Revolution 9 is the penultimate track on The Beatles, which is commonly known as The White Album. Entirely composed of random voices, songs and snippets of noise, it was a creation made solely by John Lennon and Yoko Ono, with George Harrison assisting at times; The other band members and George Martin hated it.

Lennon said it represented an image he tried to paint of revolution. It was inspired by several other Avant-garde types of music. It was first conceived as an additional coda to Revolution. This became its own project after Lennon had added sound effects and reversed audio. It runs for a total of eight minutes, the longest project released by The Beatles.

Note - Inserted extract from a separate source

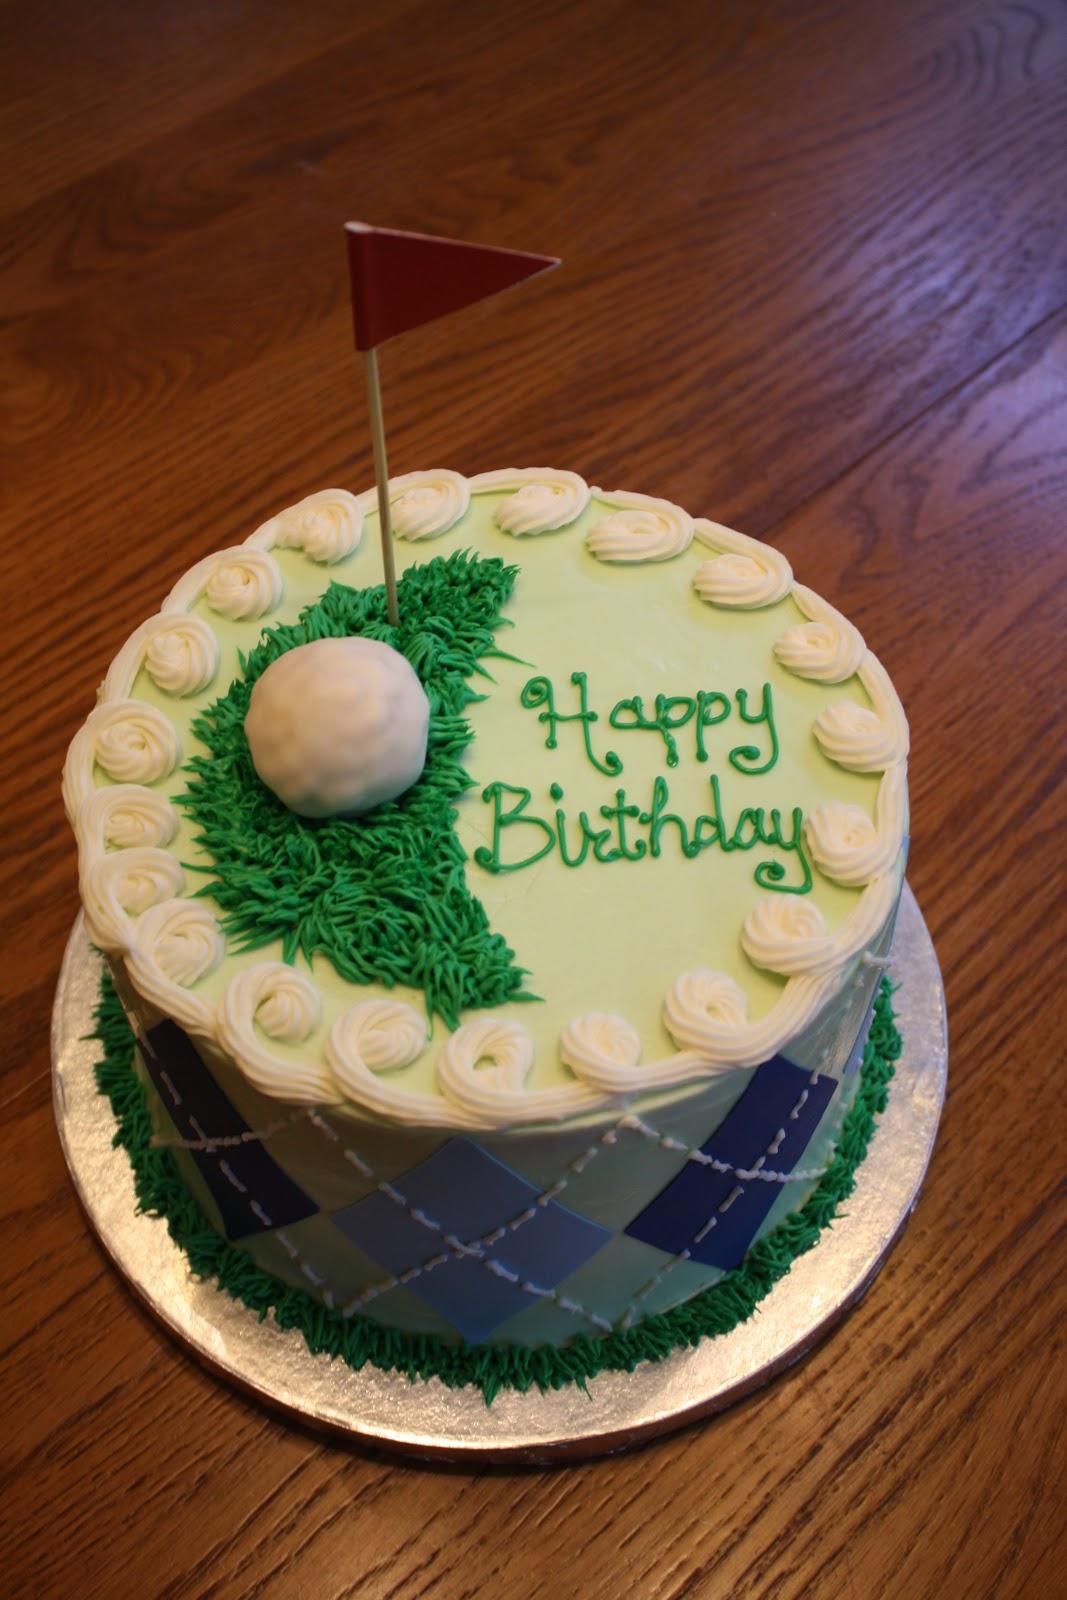 Cakes by Elizabeth June 2012 Golf Theme Birthday Cake

Reception to the track is varied: From an "embarrassment" to "anti-masterpiece" to "beautifully organized," fans and critics are divided on the nature of the track, some fully hating it, others enjoying it.

It has also been interpreted different ways. Some saw connections to the Paul is dead theory, and Charles Manson has seen it as an example of his "Helter Skelter" scenario, in which an interracial war will take place. Some simply dismiss it as garbage.

Background and recording Edit

"Revolution 9" is one of few Beatles experimental tracks, the other being "Carnival of Light", done by Paul McCartney during "Penny Lane" recording sessions. Both Lennon and McCartney had inspiration from Karlheinz Stockhausen, and his work titled Hymnen can be seen as inspiration for the song. Yoko Ono was also a powerful influence on Lennon; Their previous and first work together, Unfinished Music No. 1: Two Virgins, was similar to "Revolution 9". Lennon was intrigued by the screams and random talk of Ono, so he let her pick which tapes to use.

The first bits of "Revolution 9" came from a recording session for "Revolution", which was just simply Lennon and a guitar. It soon evolved into a ten-minute "jam" with Lennon screaming "Alright!" and Ono occasionally speaking at times, like as saying, "You become naked." This recording session became two projects: The first part became "Revolution 1", and the second transforming into "Revolution 9". He began to mix tapes of random noises supplied from EMI and began mixing it in until the STEED system ran out. Additional sound was added later with George Harrison assisting.

Final overdubs took place on June 21, and Lennon himself mixed the audio into stereo and mono. When the project was completed, McCartney returned from holiday, as he had been gone during most of the process. Dissatisfied, McCartney tried to persuade Lennon to drop the song from the album; He refused.